(Beginning of SUPPLIED DATA)
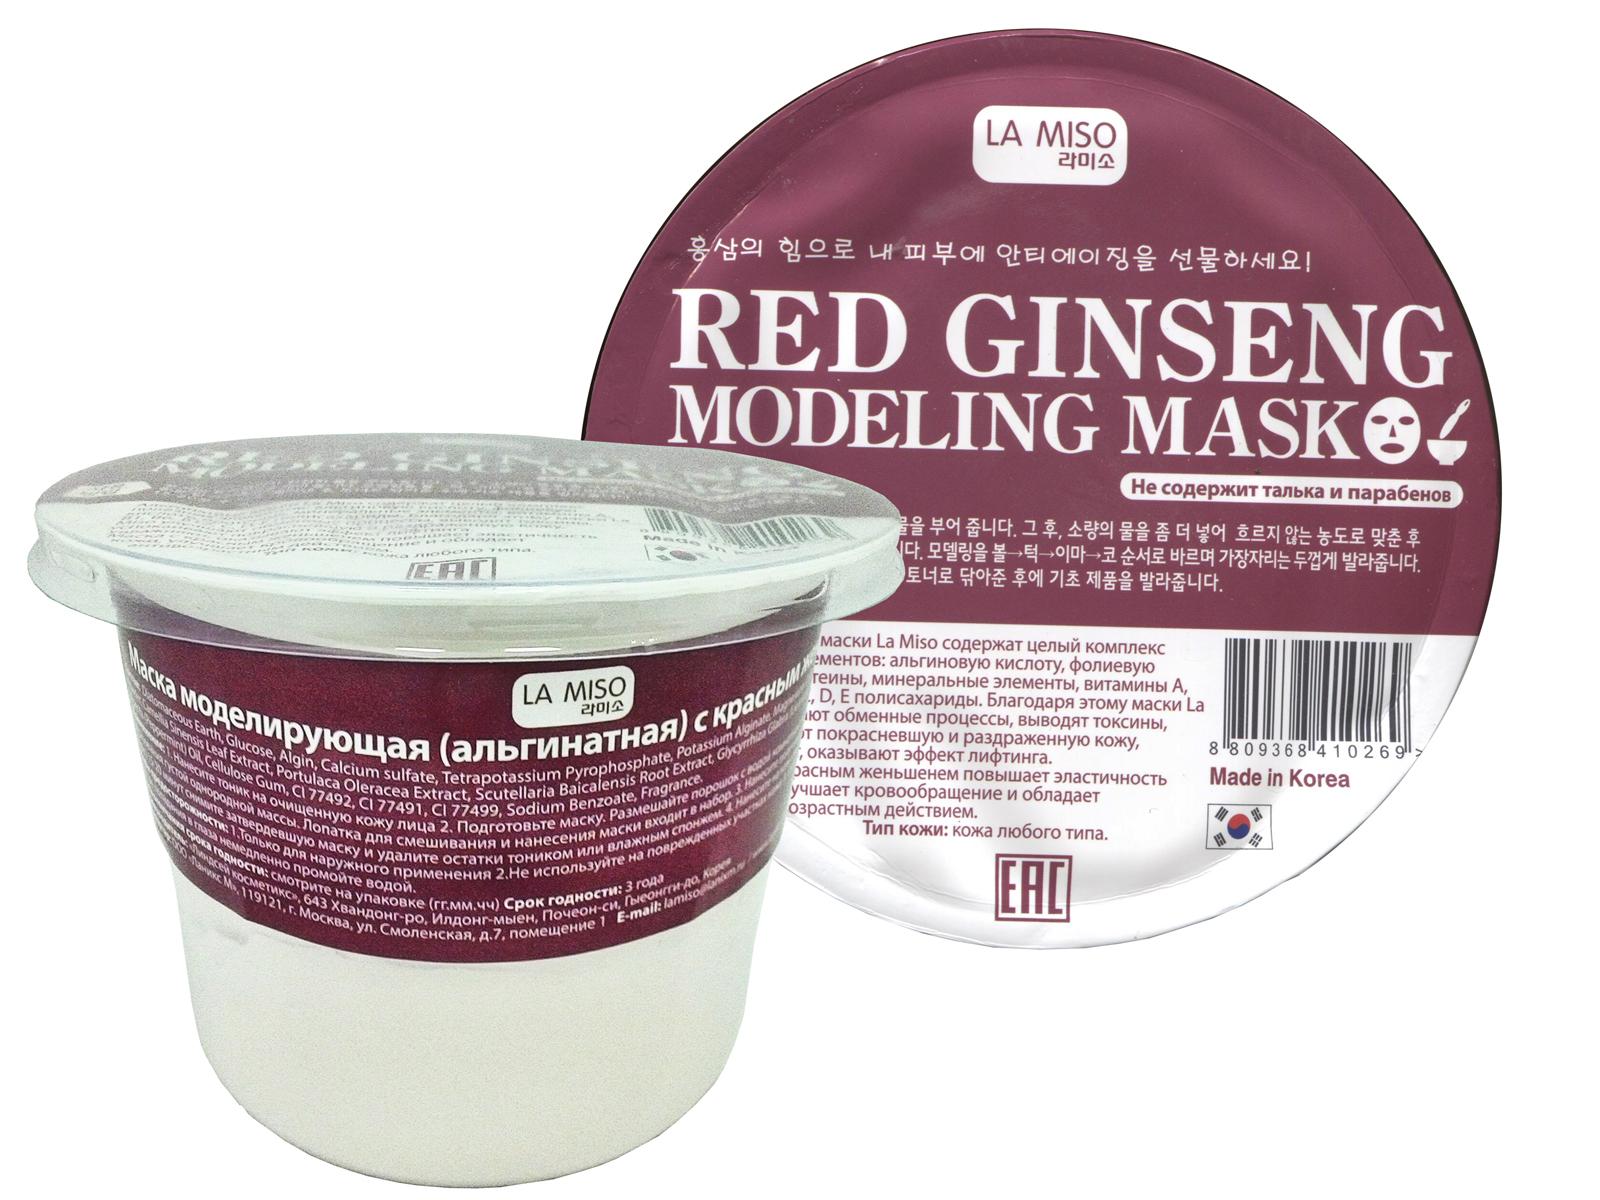 La Miso Маска моделирующая, альгинатная с красным женьшенем, 28 г8809368410269Альгинатные маски La Miso содержат целый комплекс полезных элементов: альгиновую кислоту, фолиевую кислоту, протеины, минеральные элементы, витамины A, B1, B6, B12, C, D, E полисахариды. Благодаря этому маски La Miso улучшают обменные процессы, выводят токсины, успокаивают покрасневшую и раздраженную кожу, увлажняют, оказывают эффект лифтинга.
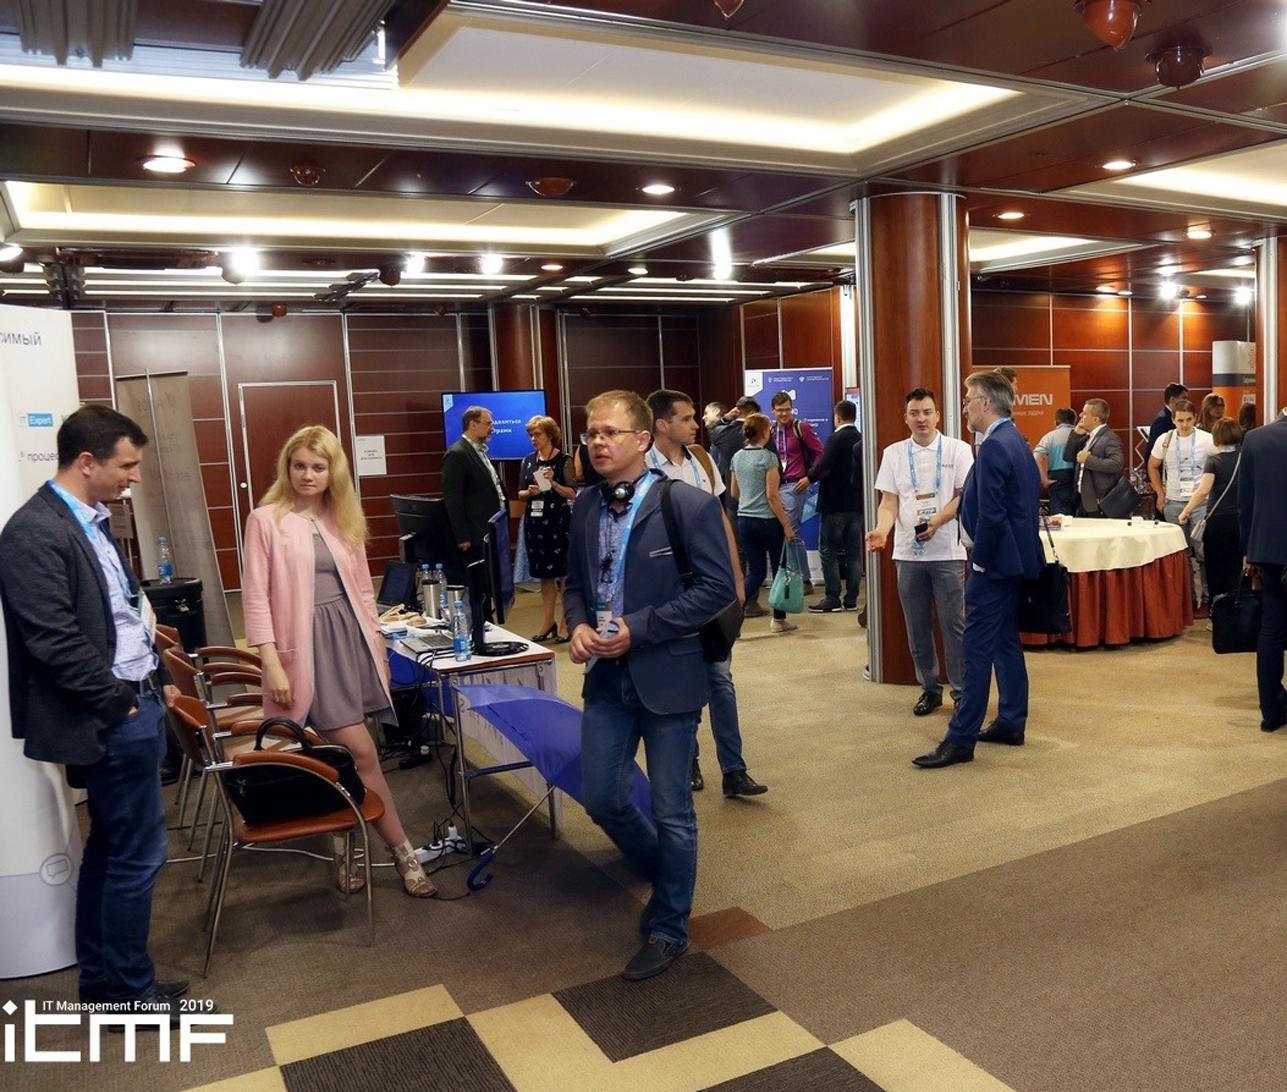 Даунсайд Ап представил свою работу по цифровой стратегии на IT Management Forum
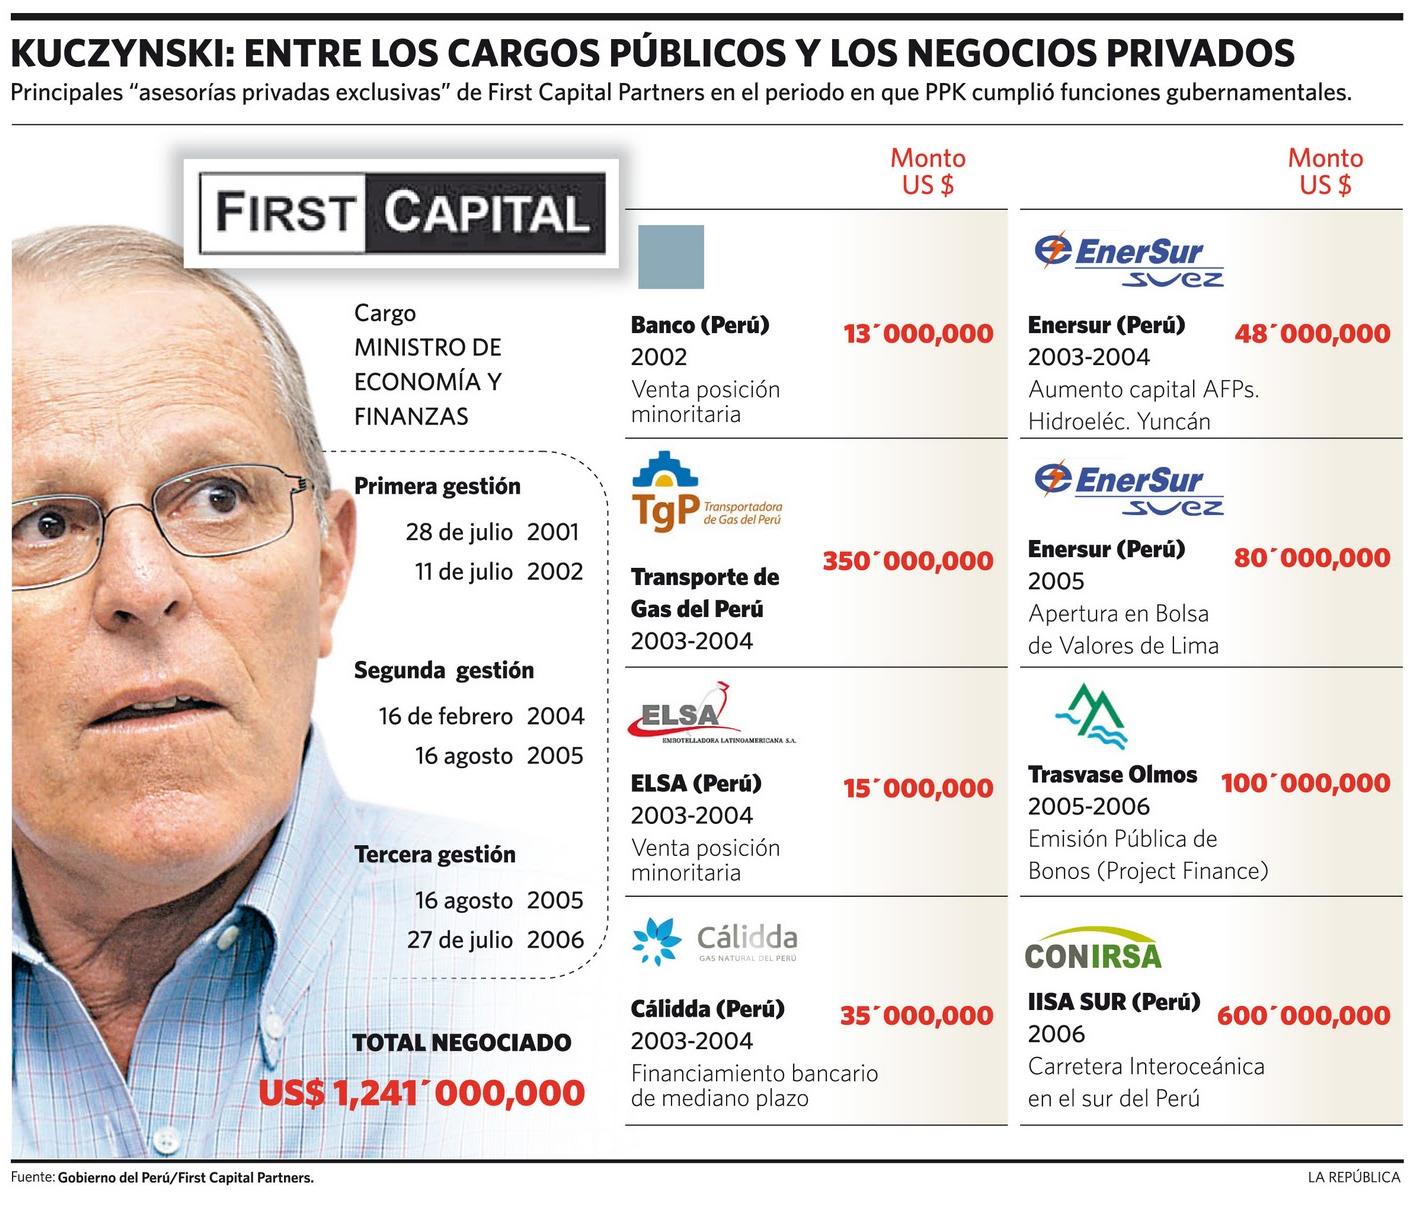 Infografía: Diario La República
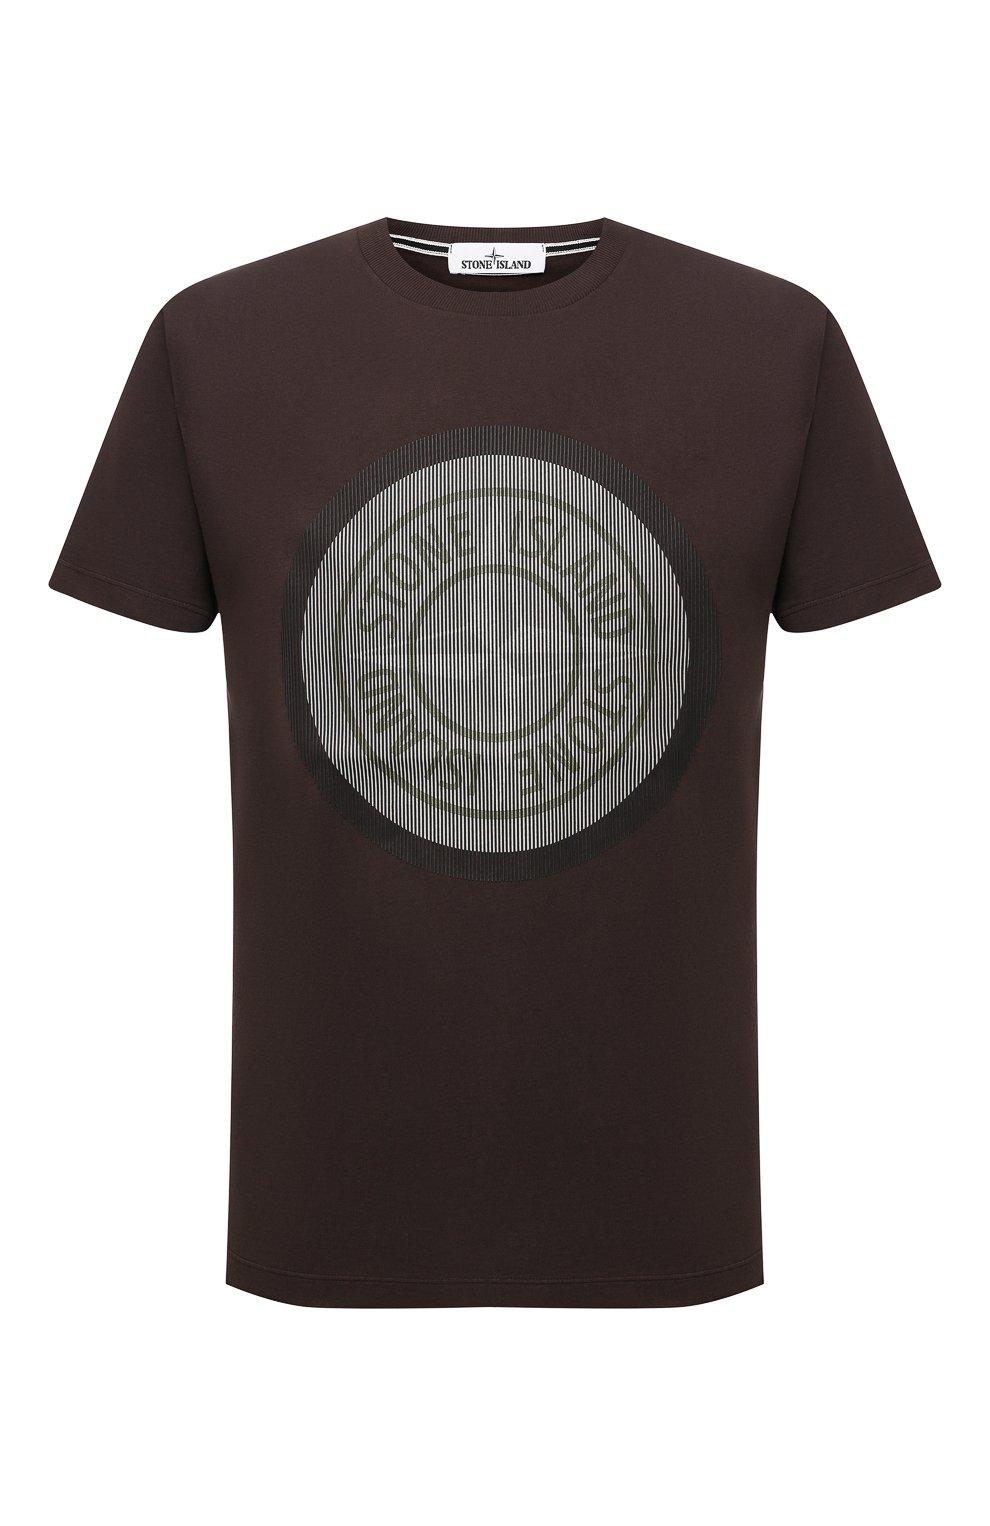 Мужская хлопковая футболка STONE ISLAND темно-коричневого цвета, арт. 75152NS89   Фото 1 (Рукава: Короткие; Длина (для топов): Стандартные; Принт: С принтом; Материал внешний: Хлопок; Стили: Кэжуэл)
(End of SUPPLIED DATA)
Copy the material verbatim. The pictures are not part of the copy.

• OUTPUT
 La Miso Маска моделирующая, альгинатная с красным женьшенем, 28 г8809368410269Альгинатные маски La Miso содержат целый комплекс полезных элементов: альгиновую кислоту, фолиевую кислоту, протеины, минеральные элементы, витамины A, B1, B6, B12, C, D, E полисахариды. Благодаря этому маски La Miso улучшают обменные процессы, выводят токсины, успокаивают покрасневшую и раздраженную кожу, увлажняют, оказывают эффект лифтинга.
 Даунсайд Ап представил свою работу по цифровой стратегии на IT Management Forum
 Infografía: Diario La República
 Мужская хлопковая футболка STONE ISLAND темно-коричневого цвета, арт. 75152NS89   Фото 1 (Рукава: Короткие; Длина (для топов): Стандартные; Принт: С принтом; Материал внешний: Хлопок; Стили: Кэжуэл)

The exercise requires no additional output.